There is a certain beauty to the incidental, unconsidered cell phone picture.  Their interest lies in all of the elements that the photographer traditionally attempts to avoid, the shafts of light invading the field, the broad circles of subtle color superimposed over the subject, the irregular distortions of the outline of an illuminated light bulb, its edges separating into distinct bands of white, yellow and orange.  If we can forget, for a moment, about our accumulated standards of photography, everything we've been taught about what makes a "bad" picture, then these images become captivating studies of the phenomenon of light.  


These are quick reference shots sent by the curator of a venue that we will be showing at in Los Angeles in December.  I am so tempted to just print these 40" x 60" on fine cotton rag paper, hang them on the walls that they depict and call it a day.

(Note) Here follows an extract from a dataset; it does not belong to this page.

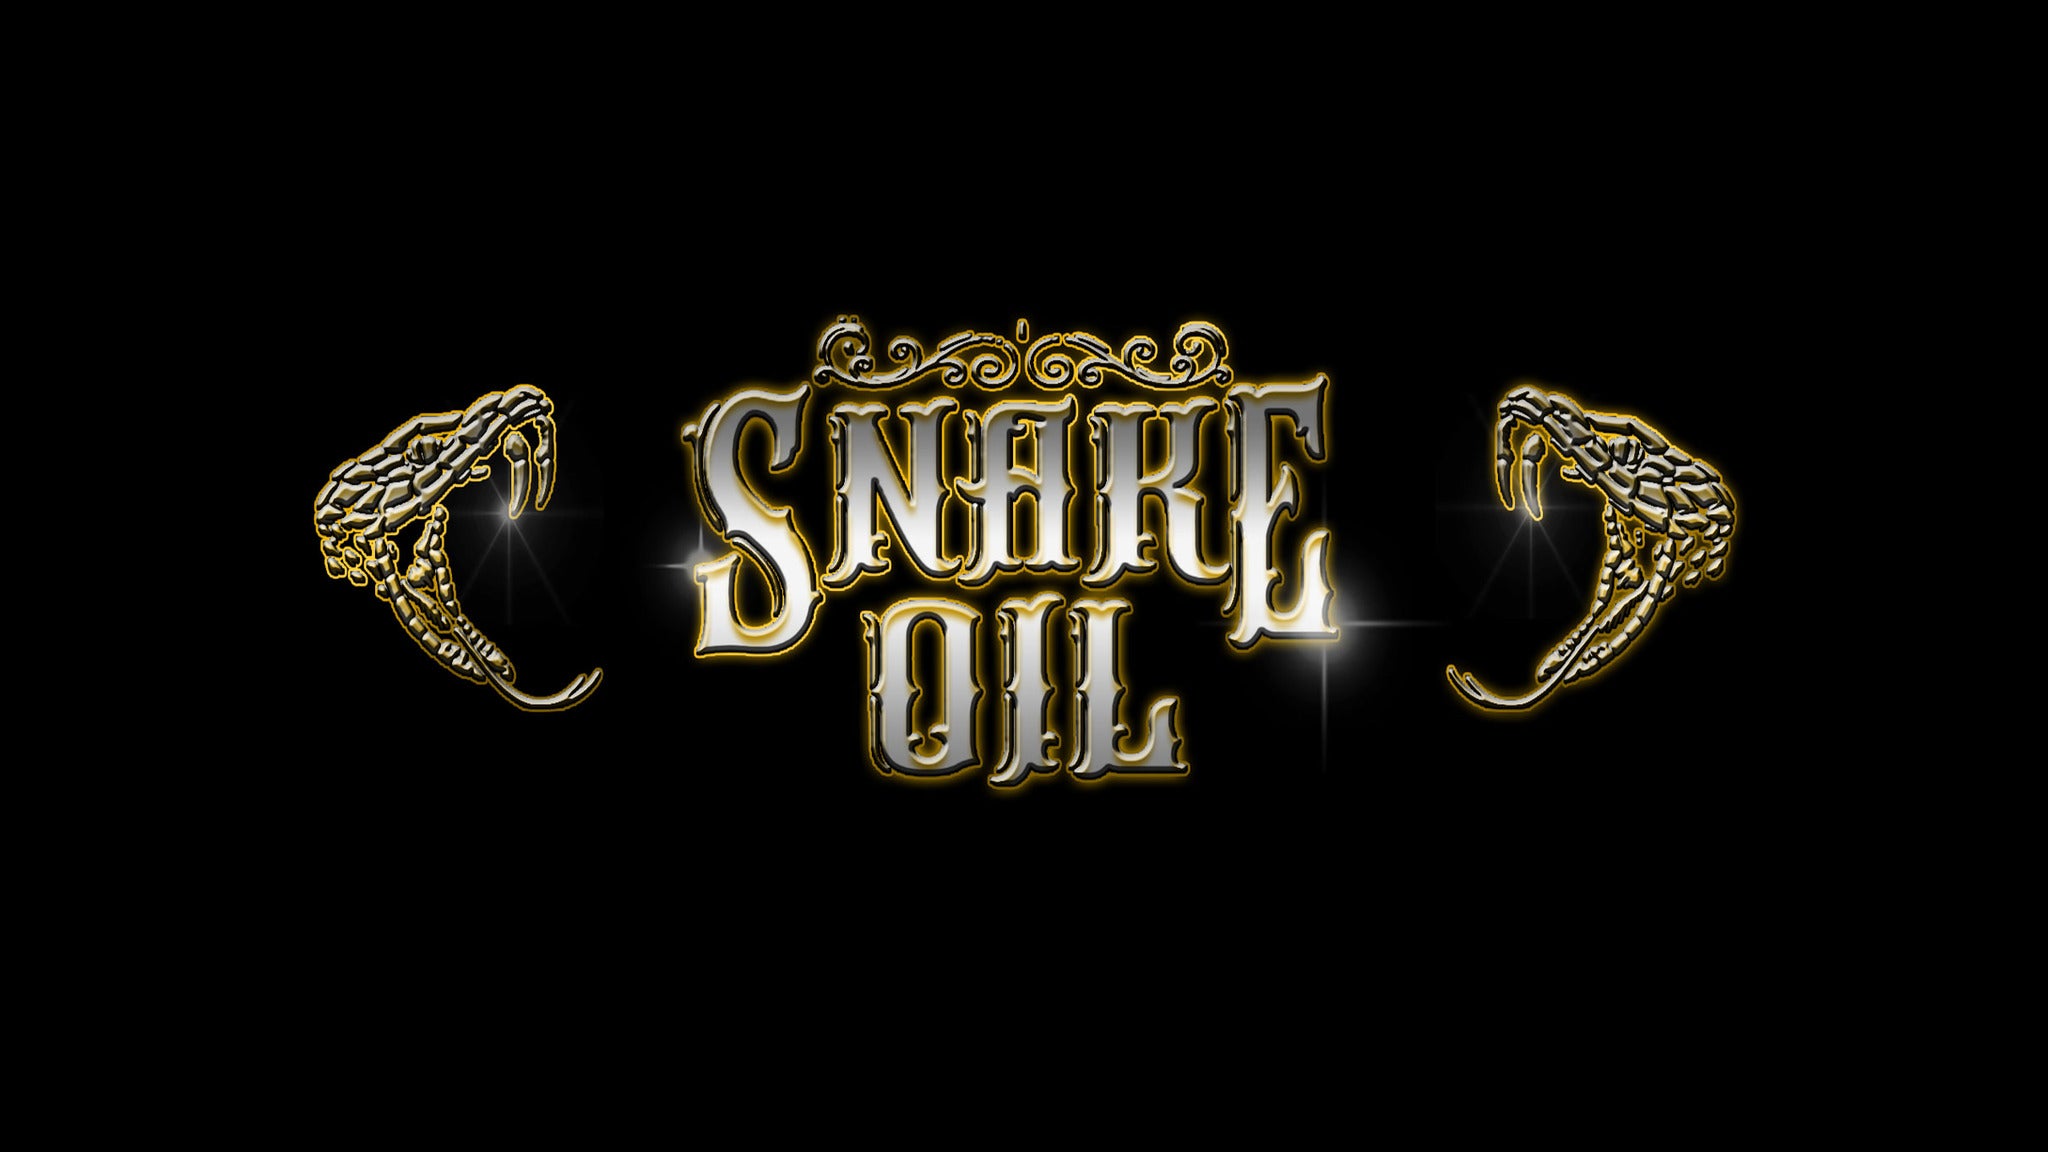 Snake Oil in Winnipeg promo photo for Artist presale offer code

Saturday, November 3, 2012

New Revisionism

"Adrian Texas. Jul 22th. 1909.  Dear friend:- I will anser your postal now Papa is going in to town so I will have to hurry. From your From your friend marion" Adressed to Miss. Mabel miller, Chatfield Ohio RR#2

I started with a bottle of white-out.  I have this idea of a perfect white plane of unknown dimensions, discovered just under the surface of the soil, as if everything above it was just an elaborate set, staged for the illusion of life. A farmer unearths it in his field. He is horrified by its incomprehensibility.

The old postcard of Panhandle Wheat seemed a good backdrop for a study along these lines. I read the back and hesitated. Can I alter this object, this piece of history, or is it too valuable? 1909. According to Wikipedia, this was the year that the Chicago, Rock Island and Gulf Railway was completed in Adrion, Texas and also the year that the American-Canadian Land and Townsite Co. began attracting prospective farmers to the area.  Probably Marion had just arrived by train to the newly established community with her family to take advantage of the nascent Texas wheat boom and she was probably writing to a friend she had just left behind back in Ohio.  The treeless expanse of the Texas Panhandle must have seemed quite a contrast to a girl growing up in the fertile midwest.

But despite, or perhaps because of its resonance, I did want to alter this object. I remembered that I had only paid two dollars for it at an antique store.  Certainly if that was all it was worth, there was no harm in changing it, even if it was a hundred and three years old.  This is how I justified it anyway, knowing that if I thought about it much further I might talk myself out of it.

I thought perhaps I should pencil out the area that I was going to paint, but the lead didn't show up well on the dark foreground, so I started searching through my drawer for a white pencil. I found one that looked to be a bit off-white, but after trying it out I realized that it was actually a sharpenable eraser. So much the better, for the eraser offered a surprising amount of control. Soon my subterranean white plane became more of a white cloud hovering just above the surface. It emerges ominously from just off camera into an otherwise clear day. Is this a foreshadow of the massive dust storms that were to devastate the panhandle in years to come? Where was Marion in 1931 when drought hit the plains and  the over-tilled earth began to blow and the "black blizzards" began? Was she still in Adrian, Texas on Black Sunday when high winds blacked out the sun removing 300 million tons of topsoil from the prairie, burying houses in giant drifts in its wake? How she must have longed then to be back in Ohio with her old friend Mabel.